The most significant steps that can be taken to reduce mercaptans getting into fuel gas will often be to either gas phase sulfide with DMDS and route high pressure bleeds to another hydrotreater or liquid phase sulfide with TBPS. Use of TBPS will likely be the most effective method of reducing mercaptans in sour water.
In the last several years Motiva has done a lot more presulfiding than in the past. Avoiding sulfur excursions in heater flue gas is one of the reasons we have been doing this.
SOREN MARKLUND (Chem32 LLC)
This may not directly address the issue at hand, but if wastewater mitigation is a serious issue, consider the use of pre-activated catalyst. In this case the hydroprocessing catalyst is delivered to the refinery already in its fully sulfided and activated state, meaning that activation inside the reactor will no longer be required. In this case, upon startup, there will be no water formation because of the sulfiding reaction. Since there will be no water formation, there will be no issues with contaminated wastewater, nor non-reacted mercaptan species. Starting up using pre-activated catalyst is comparably a very easy process, where the pre-activated catalyst is heated up under hydrogen/oil (or feed in gas phase if so required (i.e. Naphtha feed)). No more exotherms, no more requirements to hold at various plateaus, heating up rate only limited to the hydrogen embrittlement curve of said reactor. And, moreover, addressing this question, no foul-smelling water formation. CHEM32 located in Orange Texas can provide THIOCAT fully pre-activated hydroprocessing catalyst for your applications, and if cracked feed is present, THIOCAT CFT (cracked-feed tolerant) pre-activation can be provided to eliminate the 72h break in period under straight run feed, allowing starting up using cracked feed directly.
Question 17: Where do your route your disulfide oil from caustic treatment? If disulfide oil, that may contain caustic or other contaminants, is routed to a hydrotreater, what are preferred methods for treating it to avoid fouling exchangers, furnaces and catalyst?
WENDY WILDENBERG (Flint Hills Resources)
We do not process directly from caustic treatment to a hydroprocessing unit either.
Disulfide oil is gravity settled out of the regenerated caustic in a settler vessel. A slip stream of cold Naphtha or #1 fuel oil is injected and used to help provide a larger volume of hydrocarbon to dissolve the disulfides and aid in separation (Sponge Oil).

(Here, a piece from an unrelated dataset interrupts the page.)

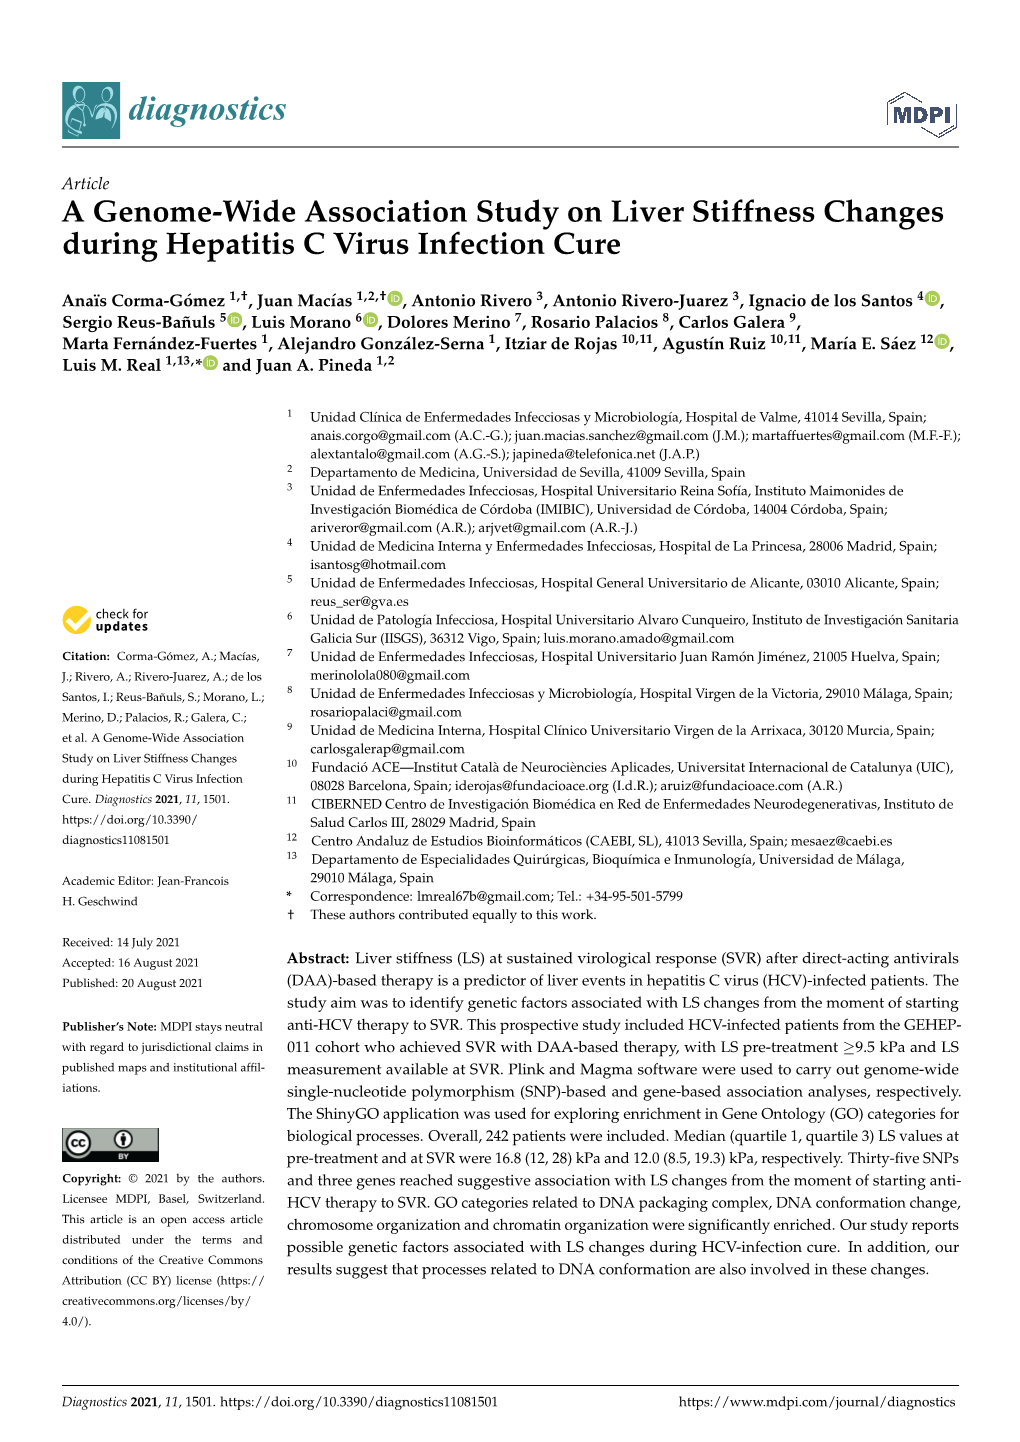 A Genome-Wide Association Study on Liver Stiffness Changes During Hepatitis C Virus Infection Cure

The sponge oil / disulfide oil is sent to wet slop tankage where water from other wet slops can help to remove residual caustic. Wet slops use a floating suction line, like what Travis mentioned to transfer the oil to “dry” slop tank. Dry slop is routed to the coker fractionator where the slop oil is fractionated into coker naphtha, light coker gasoil, and heavy coker gasoil. Disulfide oil primary fractionates to the coker naphtha. No issues with fouling, spent catalyst poisoning are evident.